Triangular: Bermuda has some special issue triangular coins from 1997 onward with curved edges.
The Isle of Man has some triangular special issue coins where the triangle is not regular (the angles are not all 60 degrees).

Octagonal: The U.S. Panama–Pacific commemorative 50 dollar coins of 1915 is shaped like a true octagon.

Tetradecagonal: In 1976, Malaysia was the first country to issue 14-sided coins, the non-circulating 10 (silver) and 200 (gold) ringgit. Australia started to issue a series of non-circulating 14-sided 50 cents coins dedicated to the Chinese zodiac in 2012.

Rectangular: Jersey and Fiji have issued non-circulating rectangular coins.

Oval: Fiji and Poland have issued some non-circulating oval coins.

Quarter circle: Poland has issued a 10 złotych coin in the shape of a quarter circle.

Spheres: Niue issued the first official (non-circulating) spherical coin with a face value of 7 New Zealand dollars. Several other countries followed soon with spherical coins, like Poland and Barbados. A 2008–2014 1 dollar sphere issue from Somalia is considered a fantasy coin, it was not officially issued by Somalia.

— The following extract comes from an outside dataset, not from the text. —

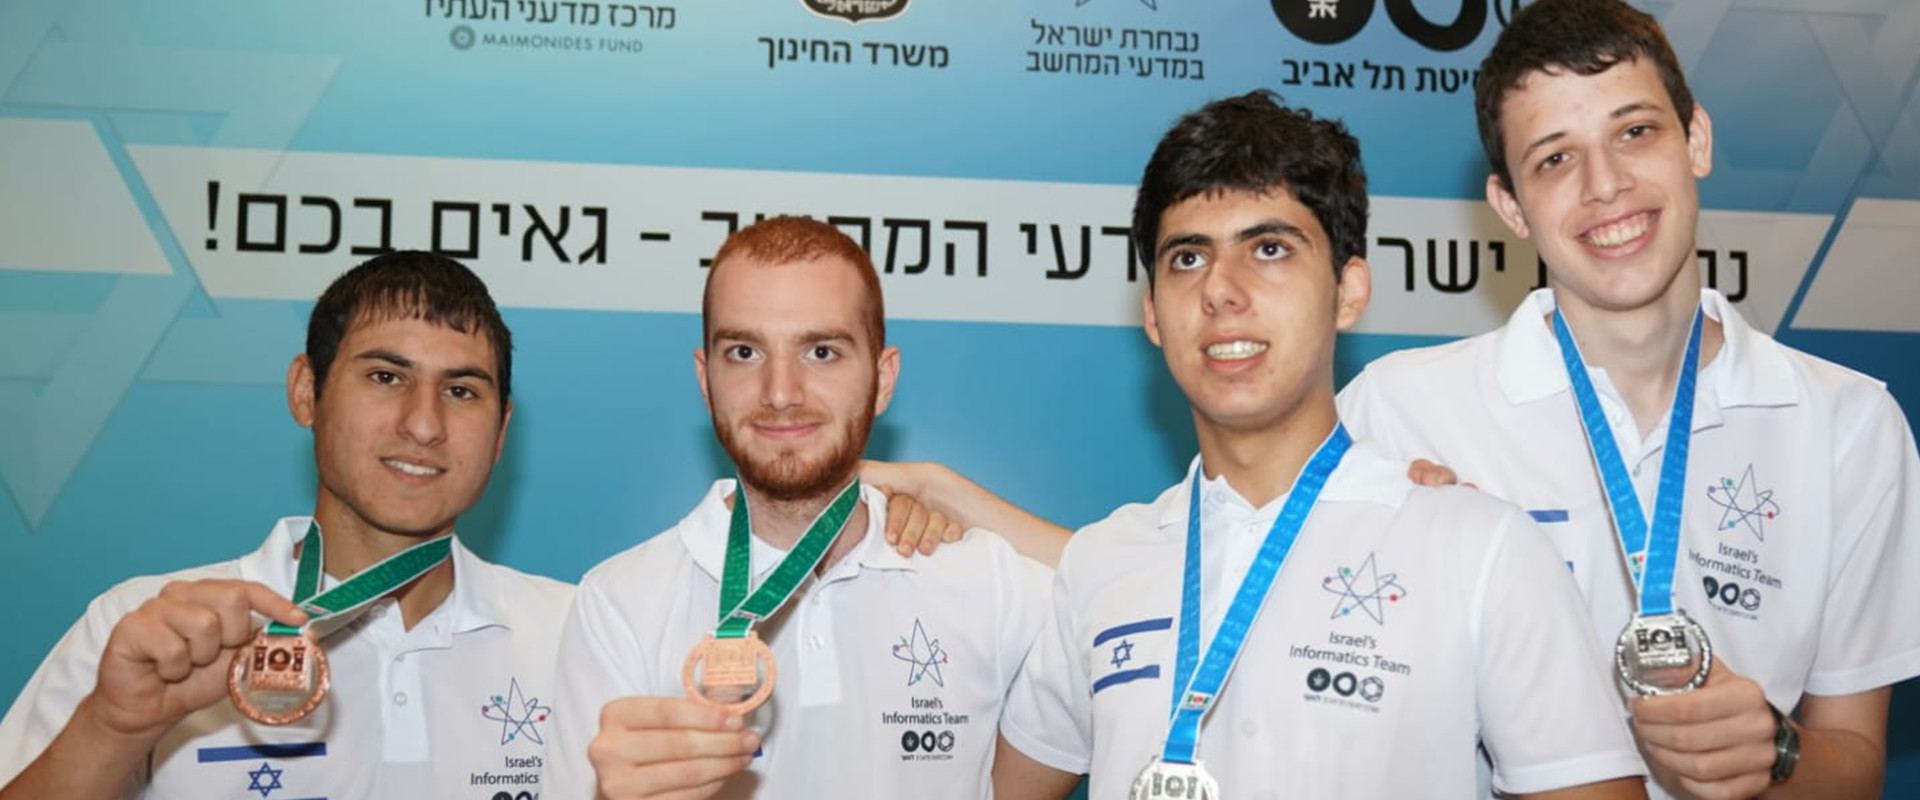 האלופים האולימפיים הישראלים

Yin Yang: Fiji has issued some Yin Yang shaped coins.

Arc (section of a circle with a hole): China started to issue a series of arc-shaped coins in the year 2000.

Heart: Several countries have issued non-circulating heart shaped coins, like China, Cook Islands and Poland.

Maps: Nauru has issued some non-circulating map shaped coins. Australia also has issued some non-circulating map shaped coins (1 dollar coins in the shape of the map of Australia).

Coca-Cola cap: Fiji has issued some non-circulating coins shaped like the cap of a Coca-Cola bottle.

Cannabis leaf: Benin issued a non-circulating 100 CFA francs coin shaped like a cannabis leaf in 2011.

Masks: Fiji issued an Iron Man Mask and a Spider-Man Mask coin in 2019, both non-circulating.